REQUIRED WORK => Make an exact copy of the lines from the one containing "GazetaWeb - Com" through the end of the material, including both ends but no pictures.

PROVIDED DATA =>
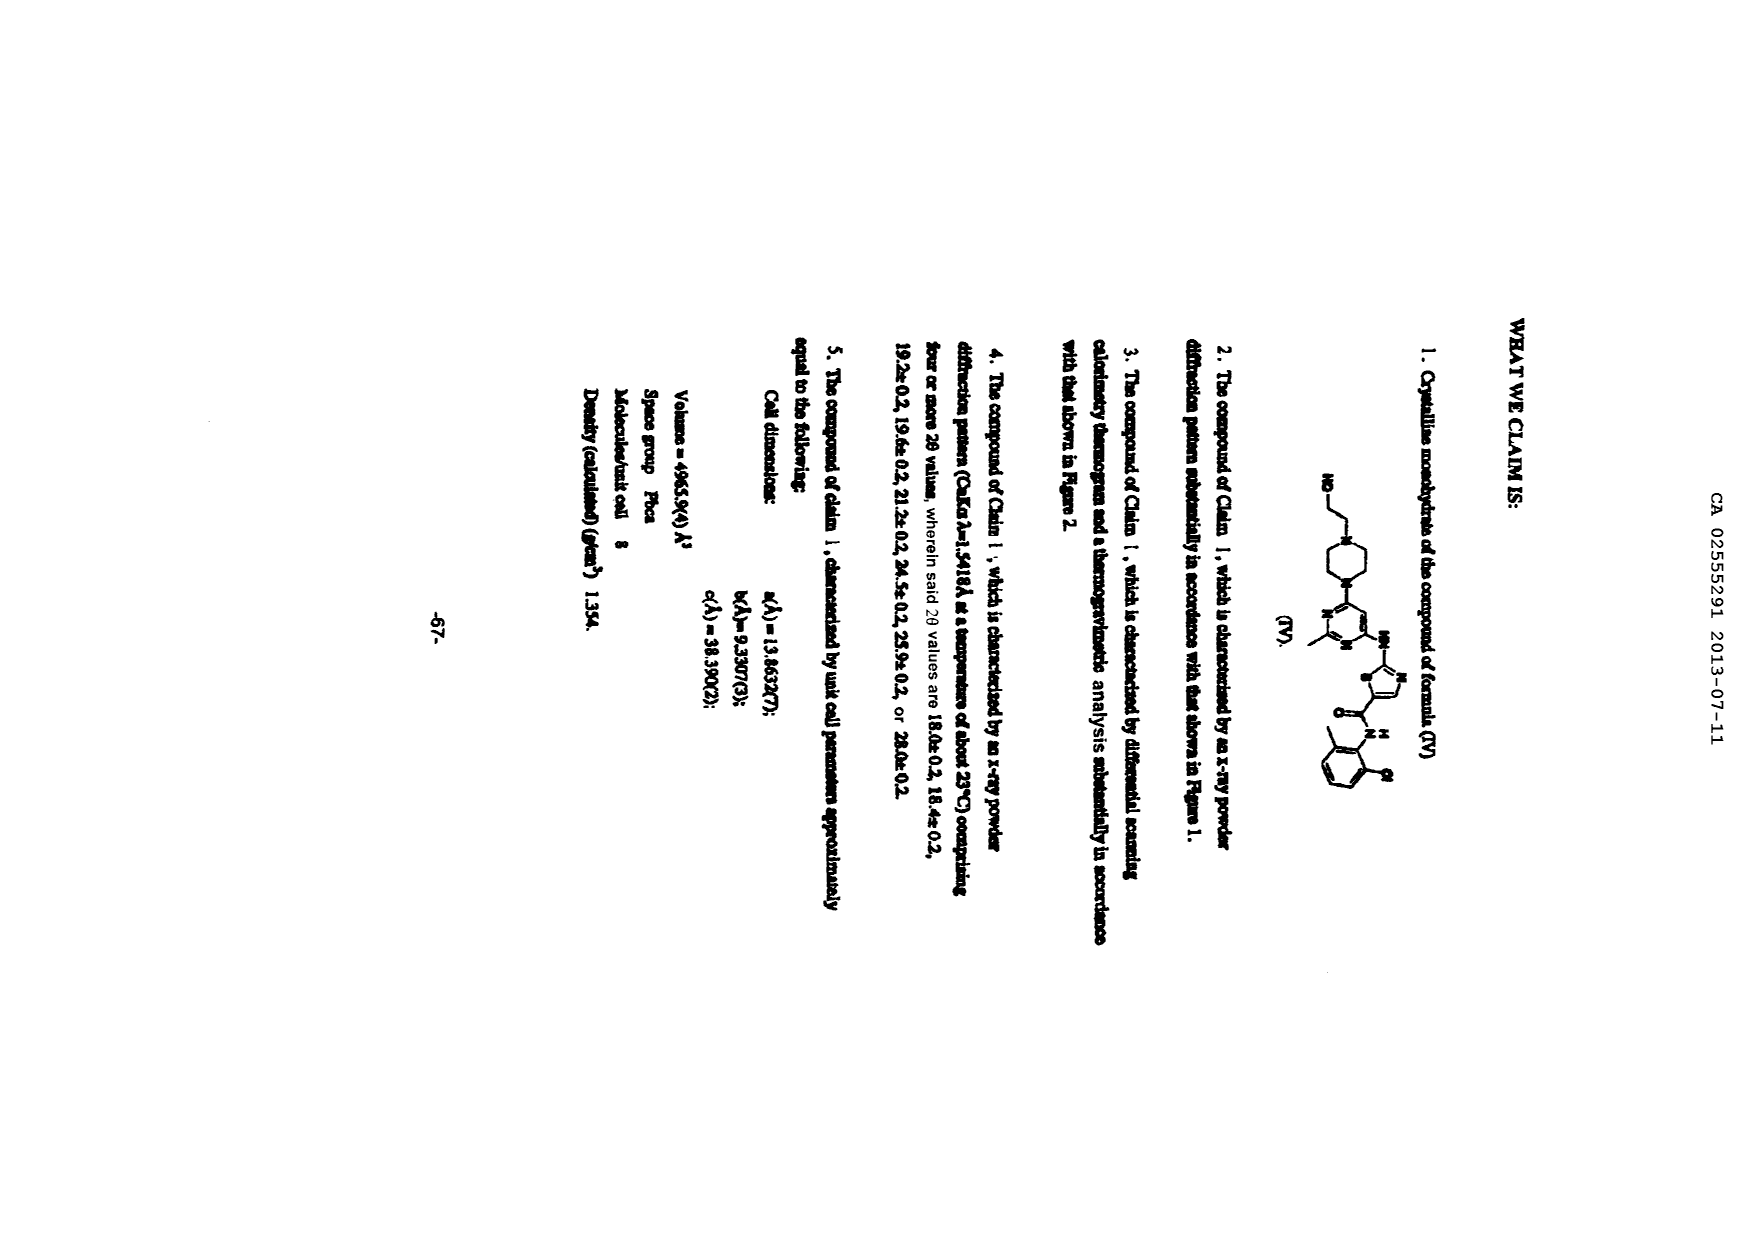 Document de brevet canadien 2555291. Revendications 20121211. Image 1 de 4
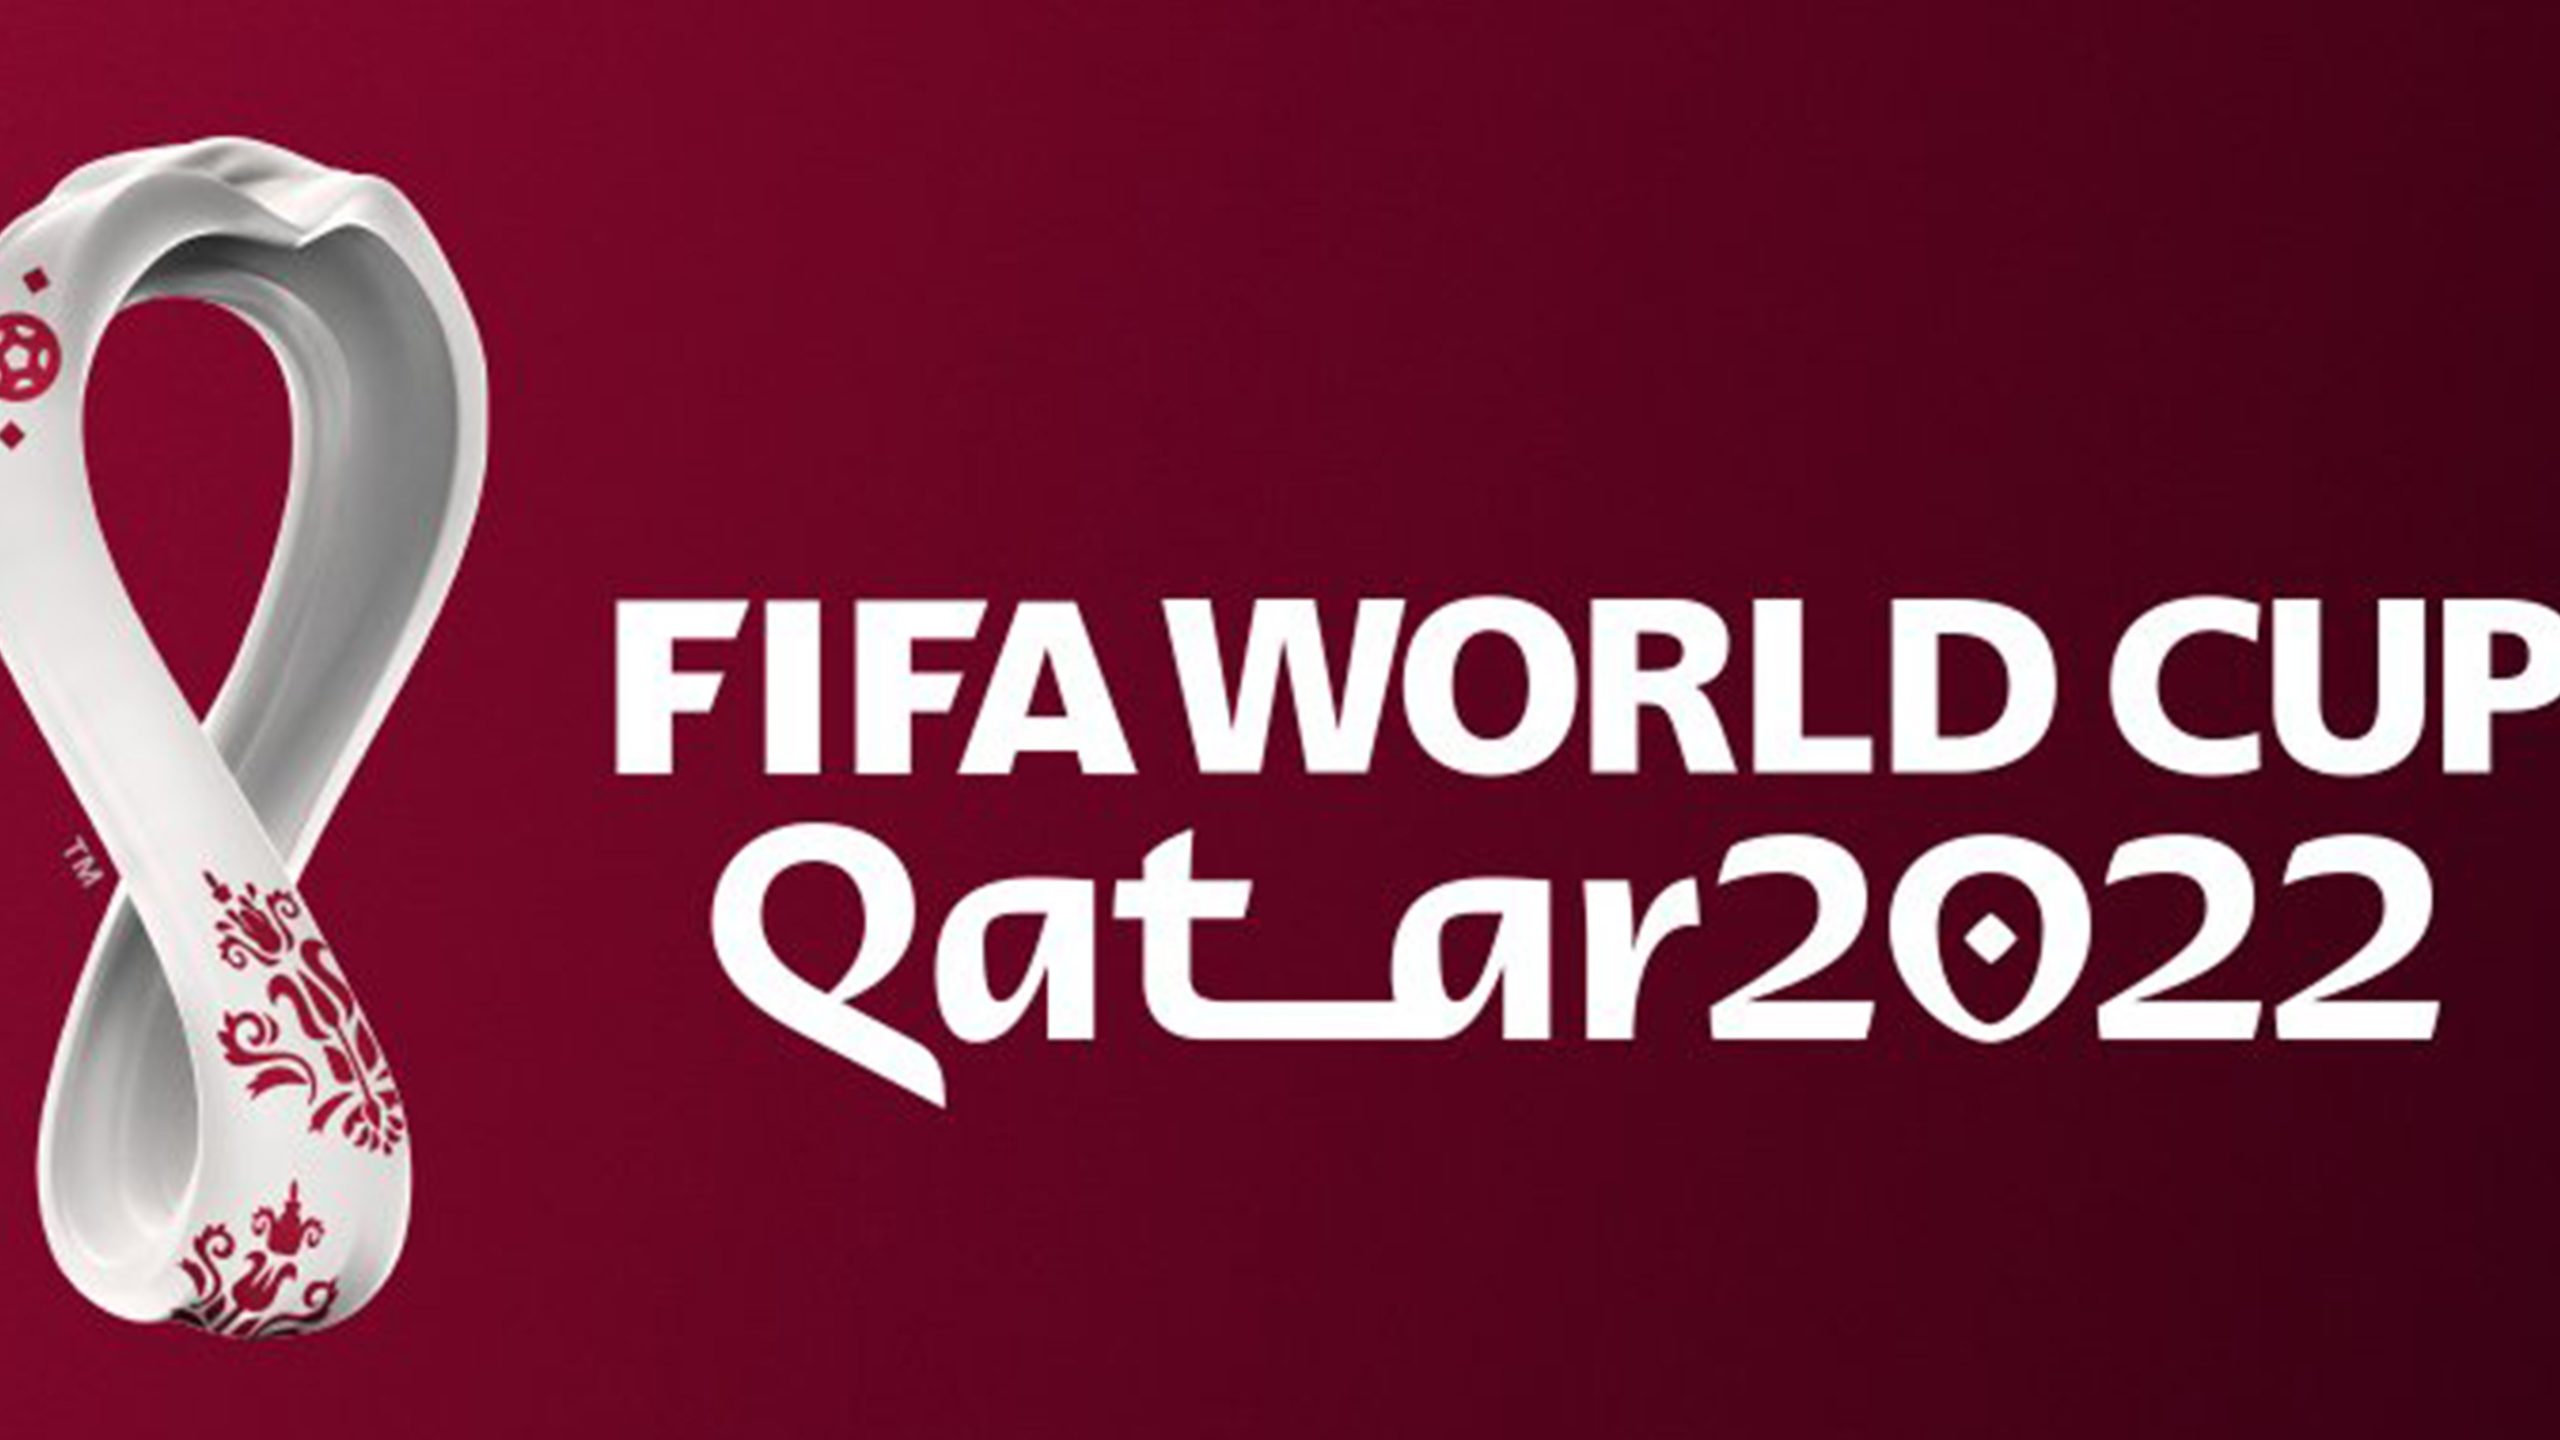 GazetaWeb - Com quatro jogos por dia, Fifa divulga desenho da tabela da Copa  do Mundo 2022
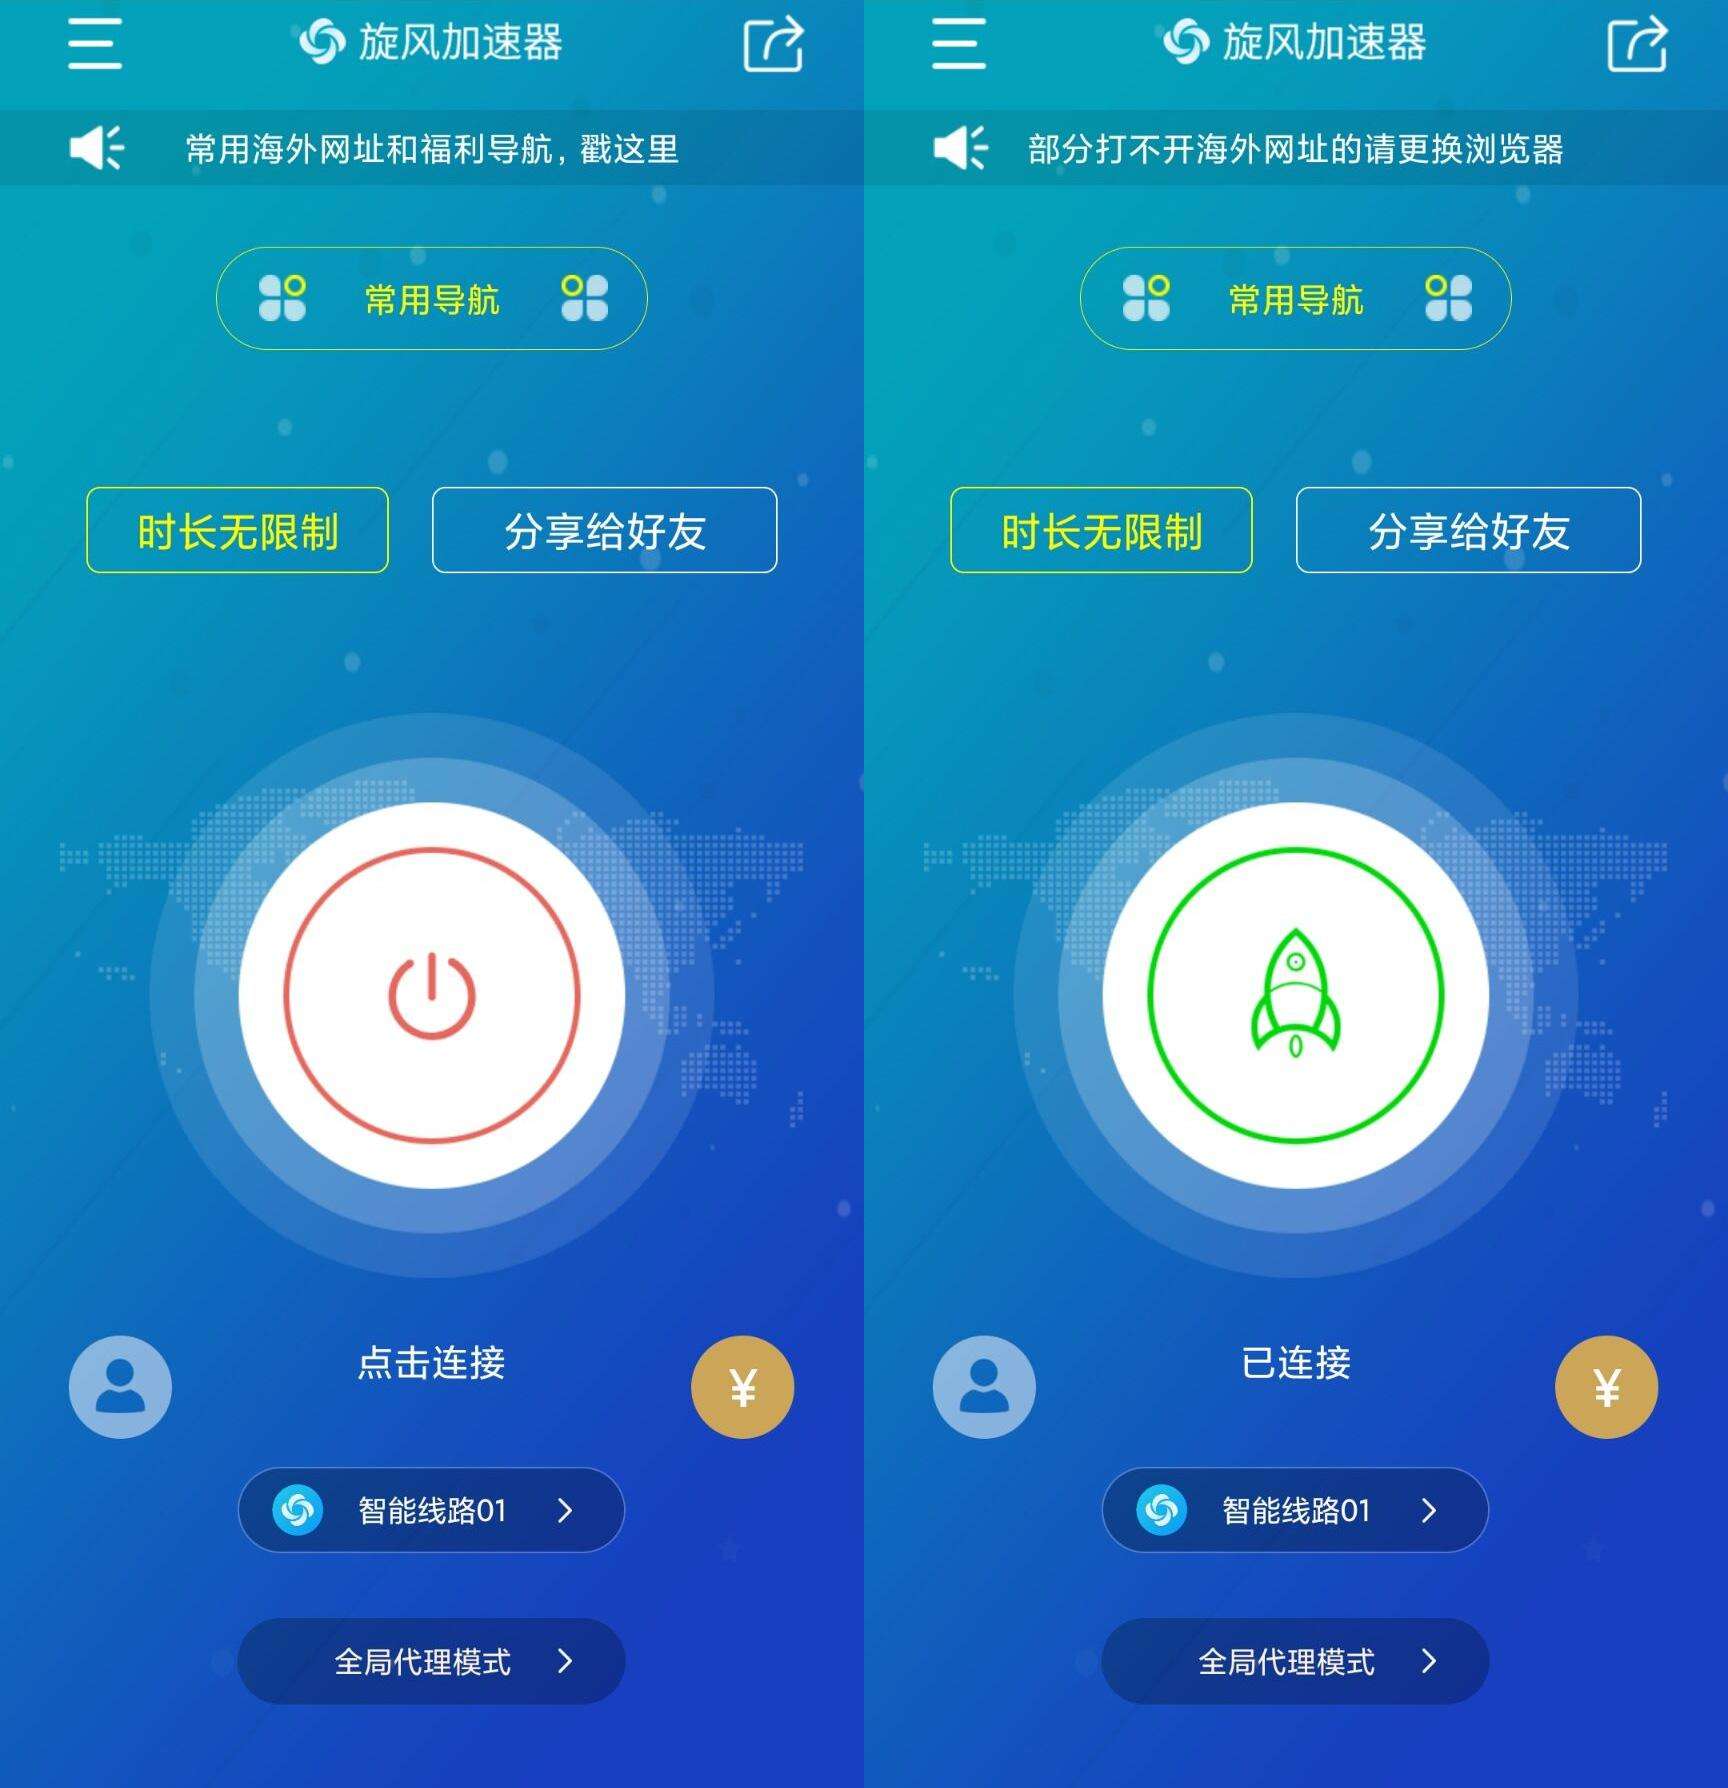 telegreat中文官方版下载加速器的简单介绍

ANSWER TO THIS TASK =>
 GazetaWeb - Com quatro jogos por dia, Fifa divulga desenho da tabela da Copa  do Mundo 2022
 telegreat中文官方版下载加速器的简单介绍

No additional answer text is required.